Winter is for Dreaming

by Doug Muller

Welcome to the new Hudson Valley Seed Library website! After working on it for the past few months, we're excited to share it with you and hope that you enjoy it. You are now able to join the Seed Library online, order seeds from our selection of Garden Packs and Art Packs, and read all about our different varieties. Over the next few months, we will update the site regularly with instructional content in our Learn section; there, you will find helpful tutorials on how to have a successful garden and save seeds from the plants you grow. In addition, this space of the front page will contain a blog documenting what we're up to in the garden throughout the season.

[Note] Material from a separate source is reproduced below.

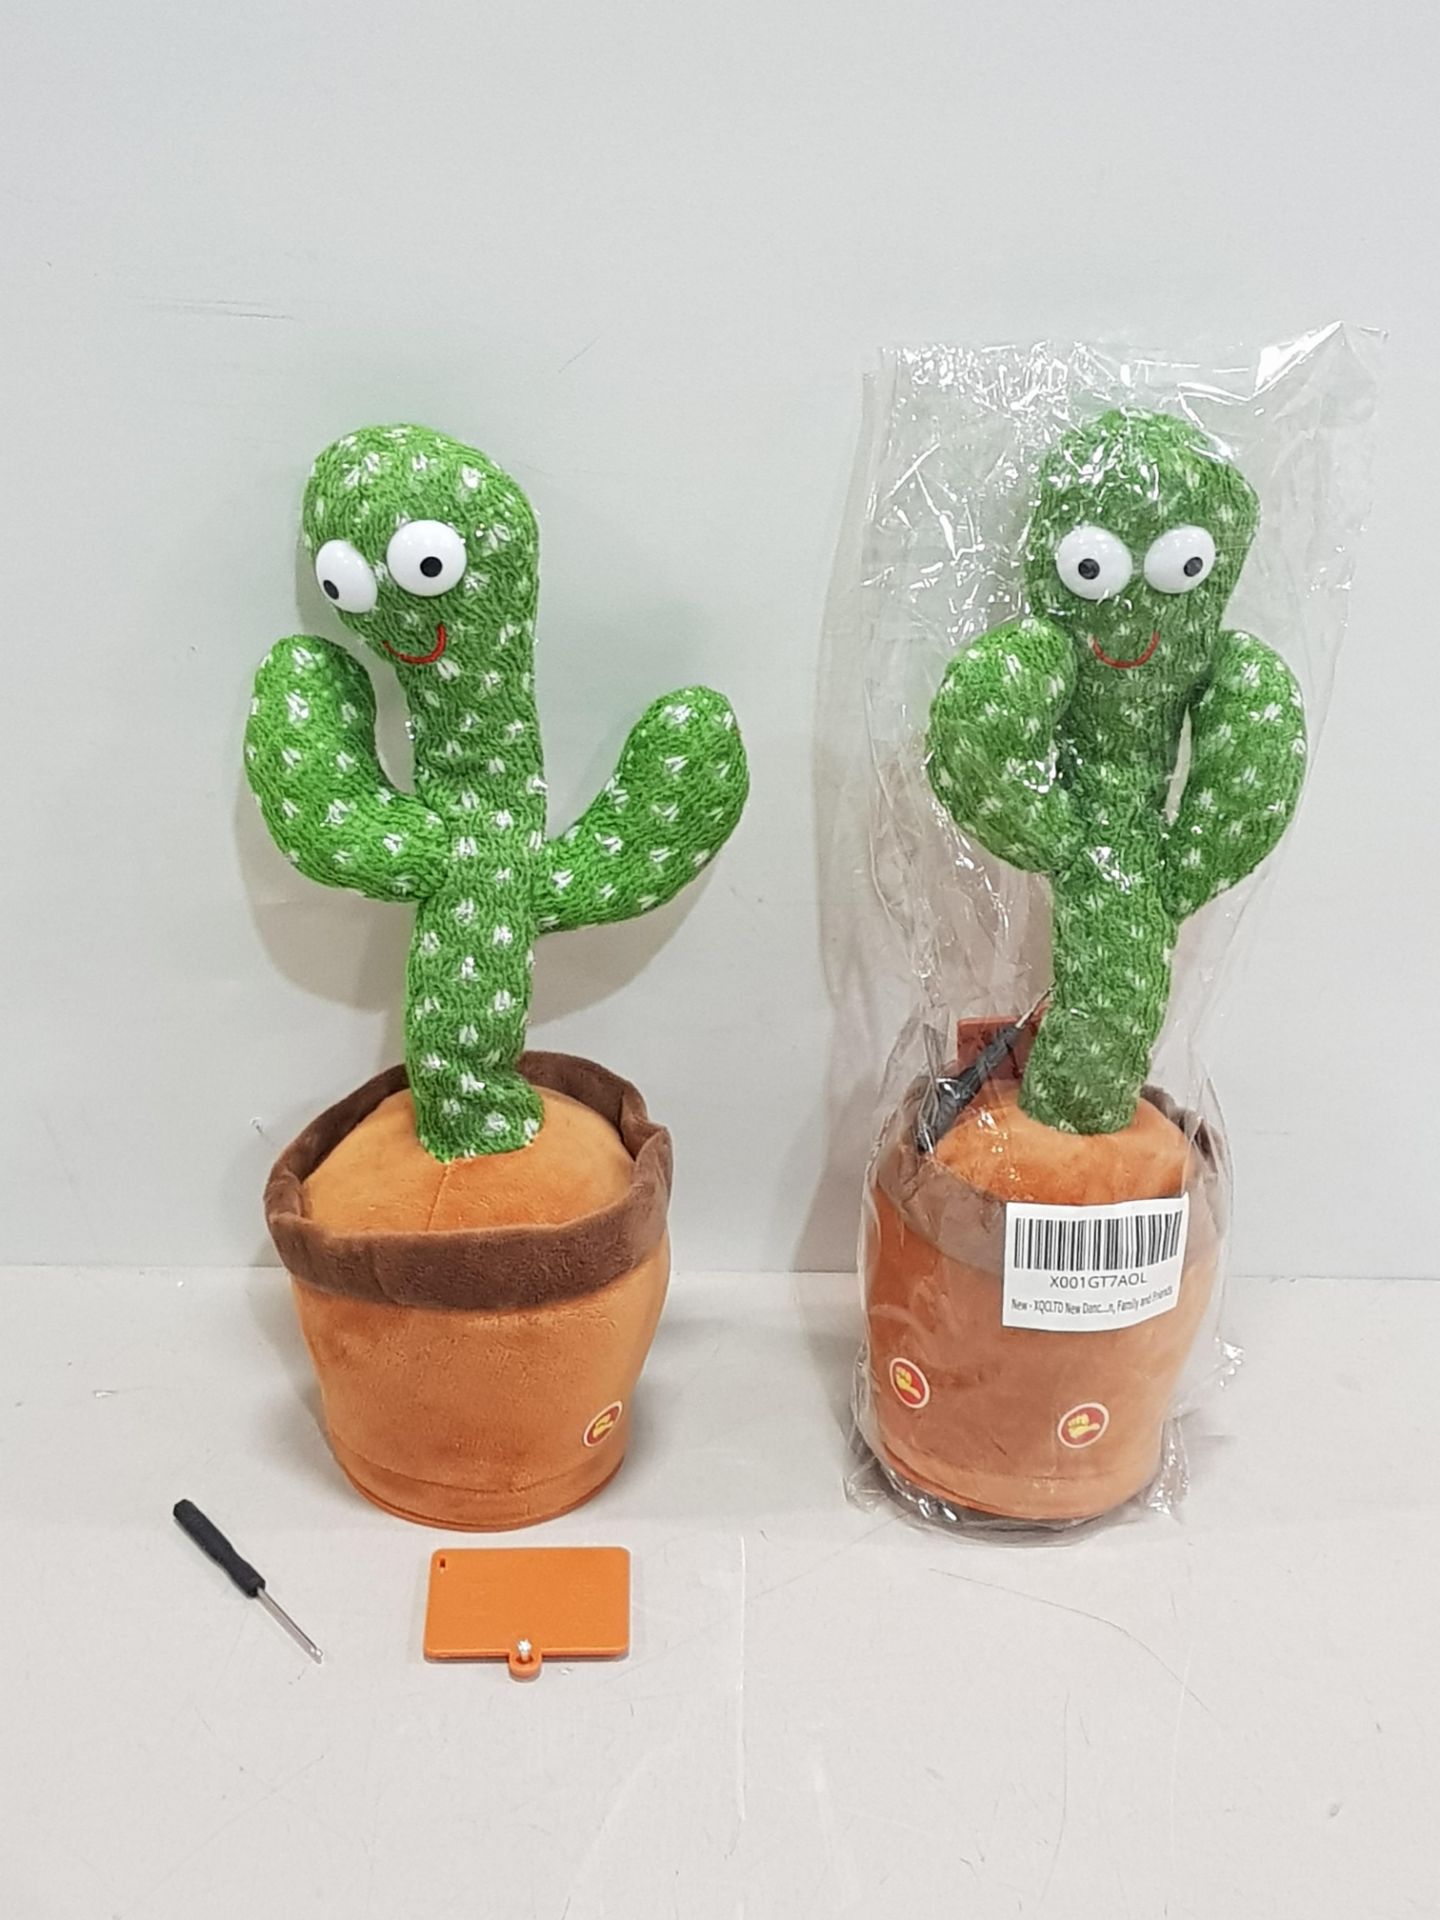 100 X BRAND NEW LED LIGHT UP DANCING / SINGING / TALKING CACTUS TOYS - 120 ENGLISH SONGS - RECORDS

While we're excited to have the page up, there still are a few rough edges scattered throughout the site. We hope you don't mind too much. Most notably absent are the planting and seed-saving instructions for each variety. We've also just received about ten varieties of seed that we haven't had the chance to get into the catalog. And we're missing a quick order page for those of you who know what you want and don't want to spend time perusing the pages on each individual variety. It's all coming soon! We're currently a two-man operation, and we're doing our best to fill orders, prepare for the upcoming growing season, and get the website launched all at the same time. So, check the site regularly over the next few weeks to see these gaps fill in. But for now, if you find any glaring errors or breaks in functionality, please contact us and let us know.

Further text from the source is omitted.